Он оказался прав. Через какое-то время в левом углу широкой арки, которая соединяла атрий и коридор с личными комнатами, показалась Ванесса Стикс собственной персоной. Выглядела она, как и Виктор, да и как сам Дэн наверняка, какой-то помятой. От задорного взгляда не осталось и следа, смотрела она на брата и Дэна как-то недоверчиво. Она была в той же одежде, что Дэн ее видел и вчера, волосы были растрепаны и похожи на птичье гнездо.
– Вы смогли заснуть? – спросила совершенно без интереса к собеседникам Ванесса. И, не дав ни тому, ни другому ответить, продолжила. – Лично я – нет. А едва я начала хоть как-то расслабляться, ты, Дэн, прошел мимо моей комнаты… И все.
– Ну, извини, – сказал Дэн скорее из вежливости. Он знал, что никогда не ходил громко, и Ванесса, думалось ему, просто искала, к чему бы придраться.
– Да чего уж там, – скривила губы-ниточки женщина. Лицо ее переменилось, и стало совсем непривлекательным. – Ладно, думаю, нужно сейчас решить, что делать дальше.
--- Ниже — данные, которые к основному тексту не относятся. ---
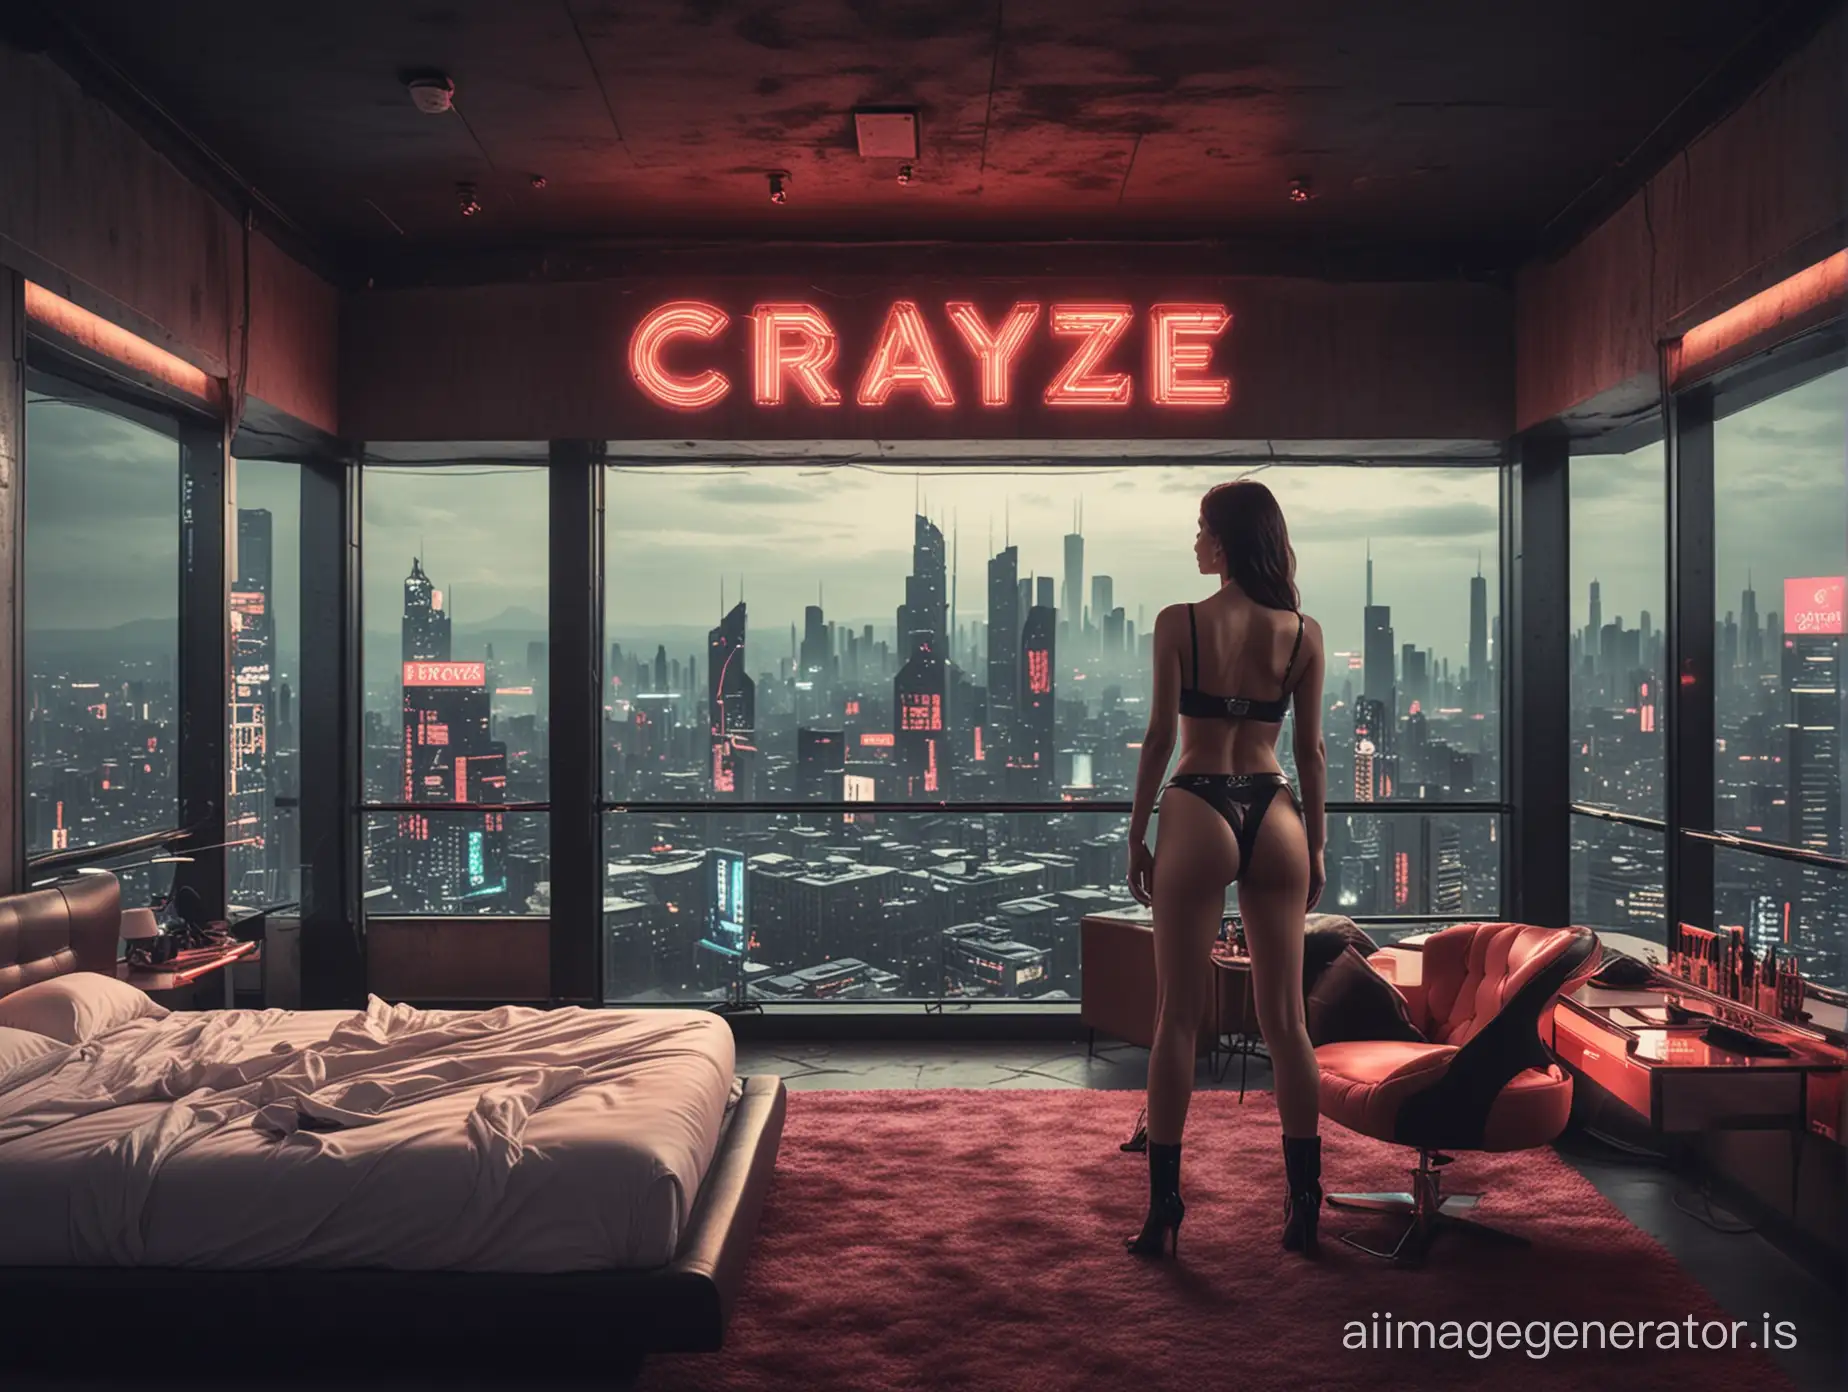 Beautiful escort hookers in futuristic hotel room overlooking dystopian cityscape with massive neon sign branding of CRAYZE logo

– Нужно, – согласился Виктор. – Но неужели, сестра, ты считаешь, что в сложившейся ситуации мы можем строить хоть какие-то планы? Я совершенно не знаю, чего ждать дальше от римлян и от…
Тут он осекся, вопросительно посмотрев на Дэна. Конечно, то, что Дэн ему рассказал было, мягко говоря, информацией не для «широкой аудитории», слишком личной и слишком странной для того, чтобы рассказывать ее такому человеку, как Ванессе. Быть может, она бы ему и поверила, но все же Дэн совершенно не желал, во всяком случае, пока, с ней на эту тему говорить. Он лишь едва заметно покачал Виктору головой.
– От кого? – нахмурив брови, спросила Ванесса.
– Да от нас самих, – выкрутился Виктор, но сестра заметила, что тот что-то скрыл.
– Ладно, неважно, – сказала она с явной обидой в голосе. – Так или иначе, хоть что-то да нужно придумать. Не останемся мы ведь на вилле у этих Императоров. А мы ведь еще и им кучу всего наобещали! Что будет по истечении нескольких месяцев ли даже лет, я даже представить себе боюсь…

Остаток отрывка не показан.